Toutefois, on remarque la stigmatisation de la société, des camarades de classe, des professeurs, et ça, c’est des effets humains. Donc, nous, on continue de plaider et de sensibiliser tout le monde à ce que ce ne soit pas des grossesses qui soient des sources de dénigrements ou d’abandon scolaire, mais ce soit beaucoup plus un système, un concret, un écosystème où lorsque la jeune fille, malheureusement, contracte une grossesse en cours de scolarité, elle a quand même de l’amour de partout.
Parce que quand une adolescente contracte une grossesse, elle est elle-même déboussolée. [Souvent], elle n’est pas consciente jusqu’à ce qu’elle voie que son ventre commence à pousser.
C’est une enfant qu’il faudra toujours accompagner et c’est ça le message que nous passons partout pour nous assurer qu’elles ne soient pas victimes de stigmatisation lorsqu’elles contractent des grossesse.
DW : Et si, à cause des moqueries, la jeune fille décide quand même de ne plus retourner à l’école, comment est-ce que vous l’accompagnez?
Il faut savoir que beaucoup de ces adolescentes-mères subissent aussi des violences sexuelles qui parfois sont la source profonde de leurs grossesses. Donc on va les reconstruire pendant trois mois.
On appelle ce projet « Je parraine une fille ». Le bonheur du parrainage, c’est qu’on n’impose rien à la jeune fille. On l’accompagne sur trois mois et on lui demande son choix de vie. Si elle a envie de devenir une auxiliaire pharmacie, on va l’accompagner. Si elle a envie de retourner à l’école, elle choisit elle-même son école et nous, on fait l’accompagnement.
Attention, il faut savoir que même quand on les insère à l’école, notre accompagnement continue.
On continue à les rencontrer une fois par semaine pour voir leur évolution, pour réajuster les insertions si nécessaire et toujours inclure les parents dans tout le processus.
Donc chaque adolescente que l’on accompagne a son parent dans notre groupe de parents accompagnés, où on s’assure que le parent comprend la profondeur du travail qui est fait et le besoin pour lui de continuer le travail à la maison.

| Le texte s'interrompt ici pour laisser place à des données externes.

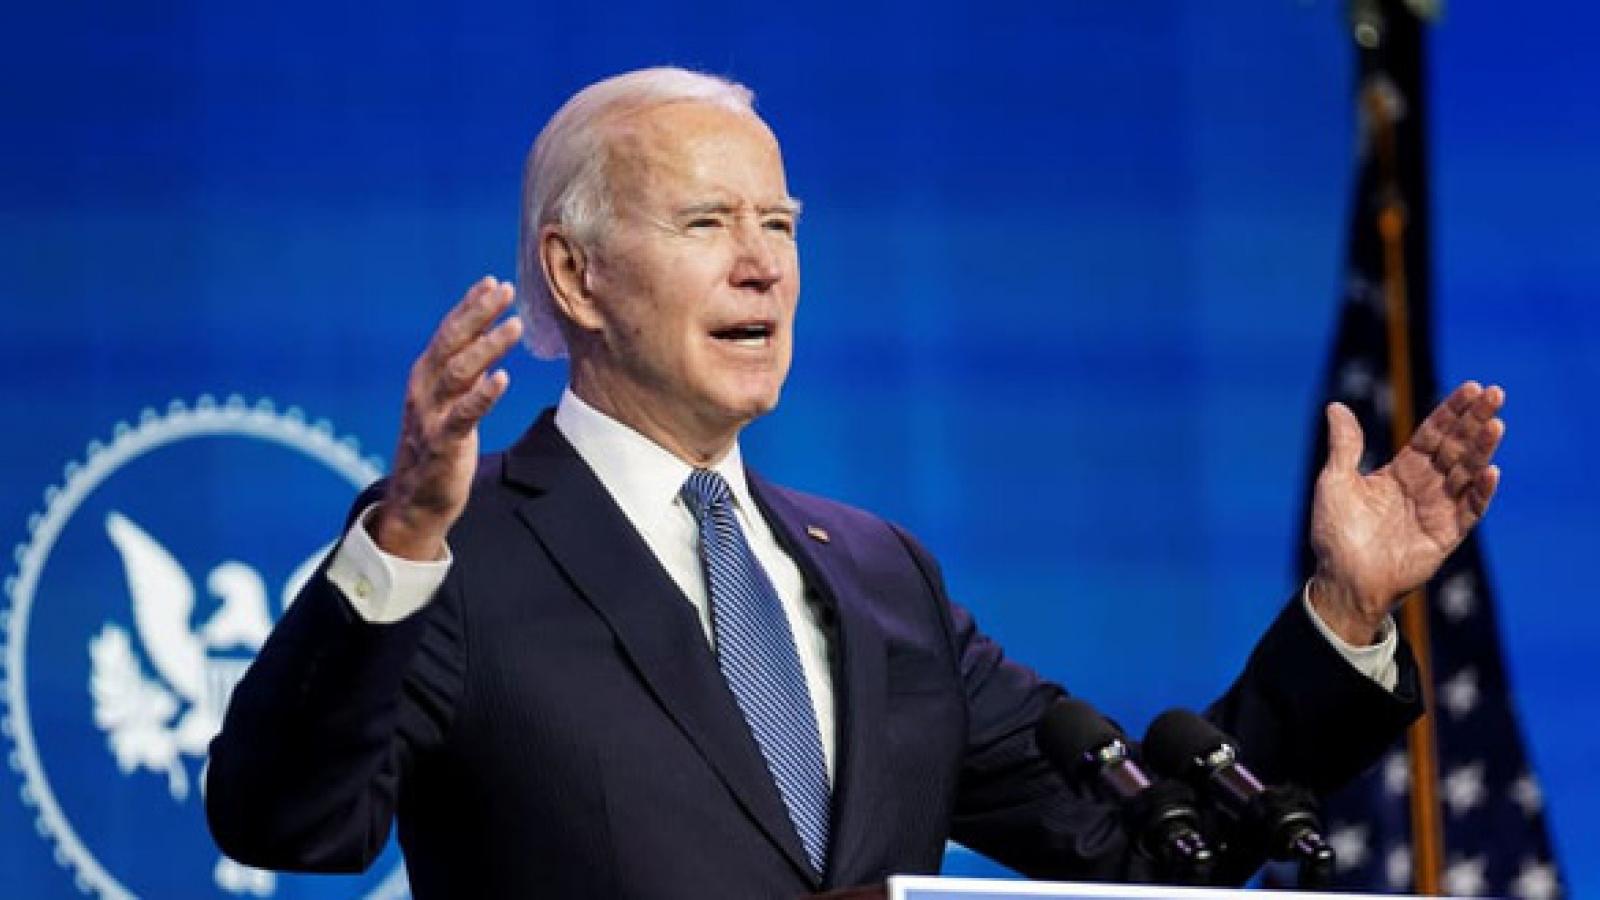 Tổng thống đắc cử Joe Biden kêu gọi thêm gói cứu trợ kinh tế trị giá hàng nghìn tỷ USD

Donc voilà un peu comment on travaille pour nous assurer que lorsqu’elles repartent à l’école, elles y restent non pas avec la peur, mais pour faire briller leurs rêves, parce qu’elles font partie entièrement de cette Afrique-là.
Les erreurs de parcours ne devraient pas freiner une femme. Si ça ne freine pas les hommes, ça ne devrait pas freiner une femme, encore moins une adolescente pour la réalisation de ses rêves à elle.